The Chinese ambassador did say, however, that his country opposed the use of A.I. as a “means to create military hegemony or undermine the sovereignty of a country.”
The military use of autonomous weapons in the battlefield or in another country for assassinations, such as the satellite-controlled A.I. robot that Israel dispatched to Iran to kill a top nuclear scientist, Mohsen Fakhrizadeh, was also brought up.
Mr. Guterres said that the United Nations must come up with a legally binding agreement by 2026 banning the use of A.I. in automated weapons of war.
Prof. Rebecca Willett, director of A.I. at the Data Science Institute at the University of Chicago, said in an interview that in regulating the technology, it was important not to lose sight of the humans behind it.

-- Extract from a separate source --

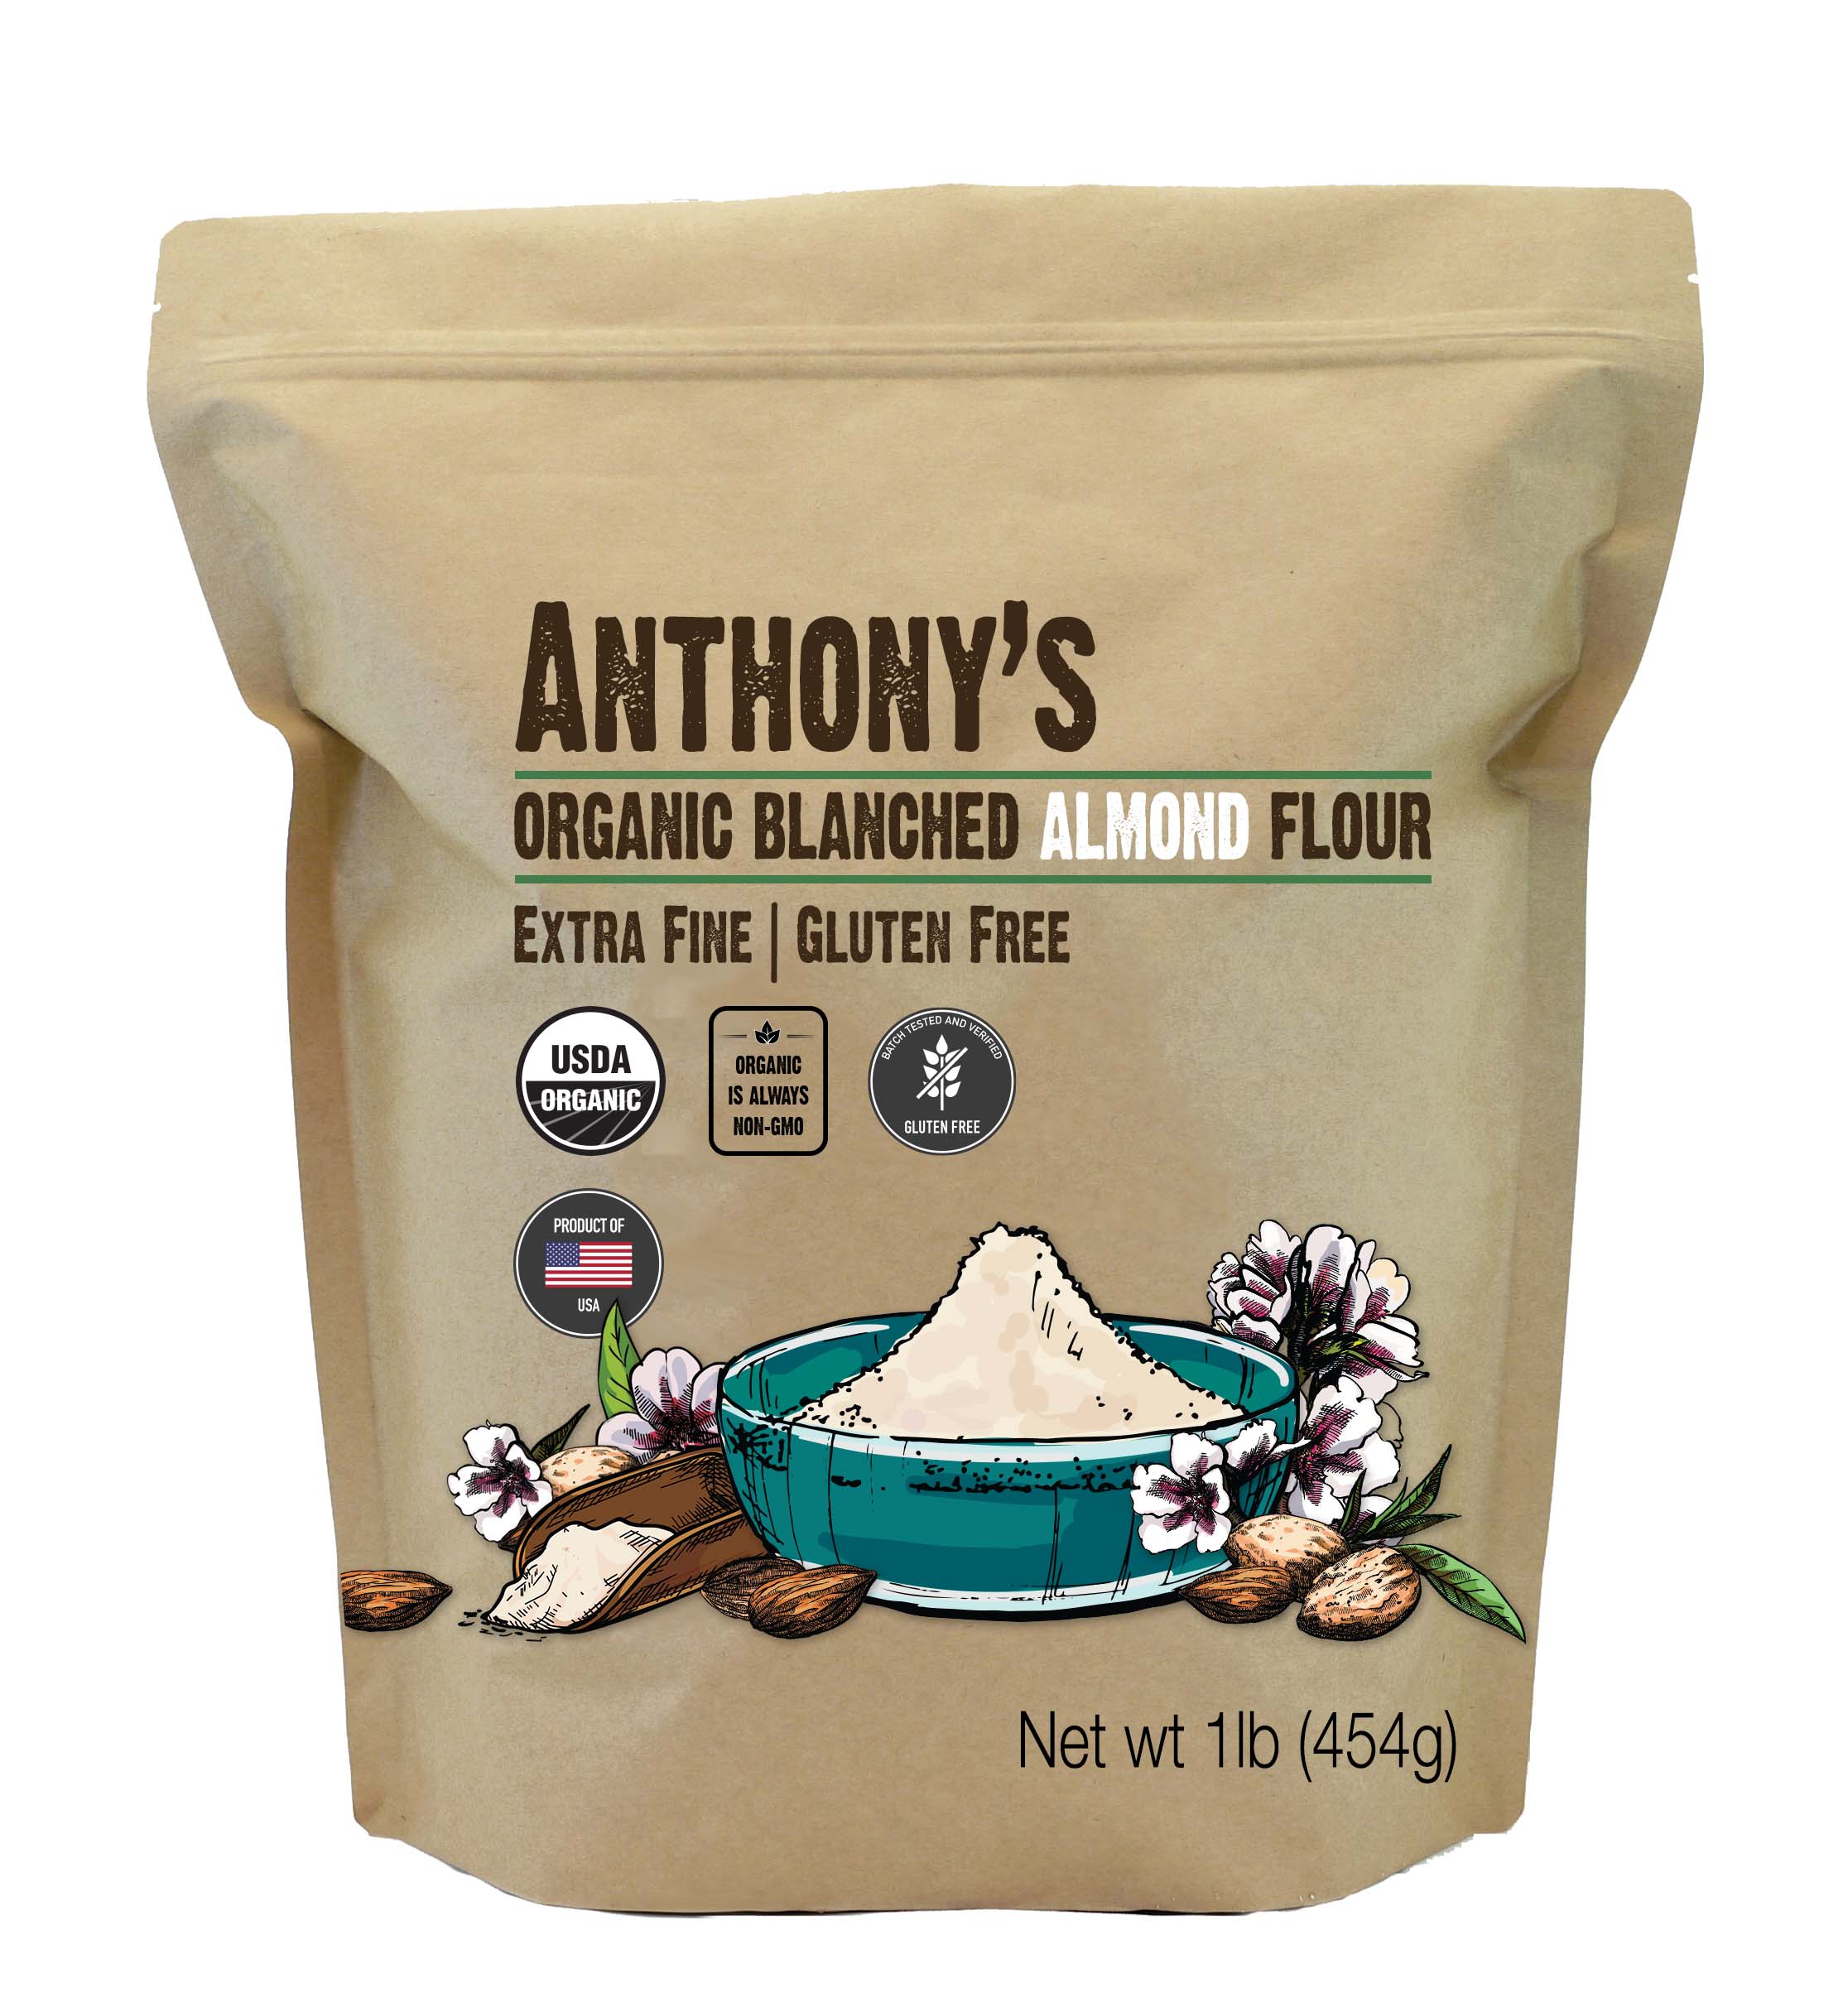 Organic Almond Flour: Blanched & Certified Gluten-Free

The systems are not entirely autonomous, and the people who design them need to be held accountable, she said.
“This is one of the reasons that the U.N. is looking at this,” Professor Willett said. “There really needs to be international repercussions so that a company based in one country can’t destroy another country without violating international agreements. Real enforceable regulation can make things better and safer.”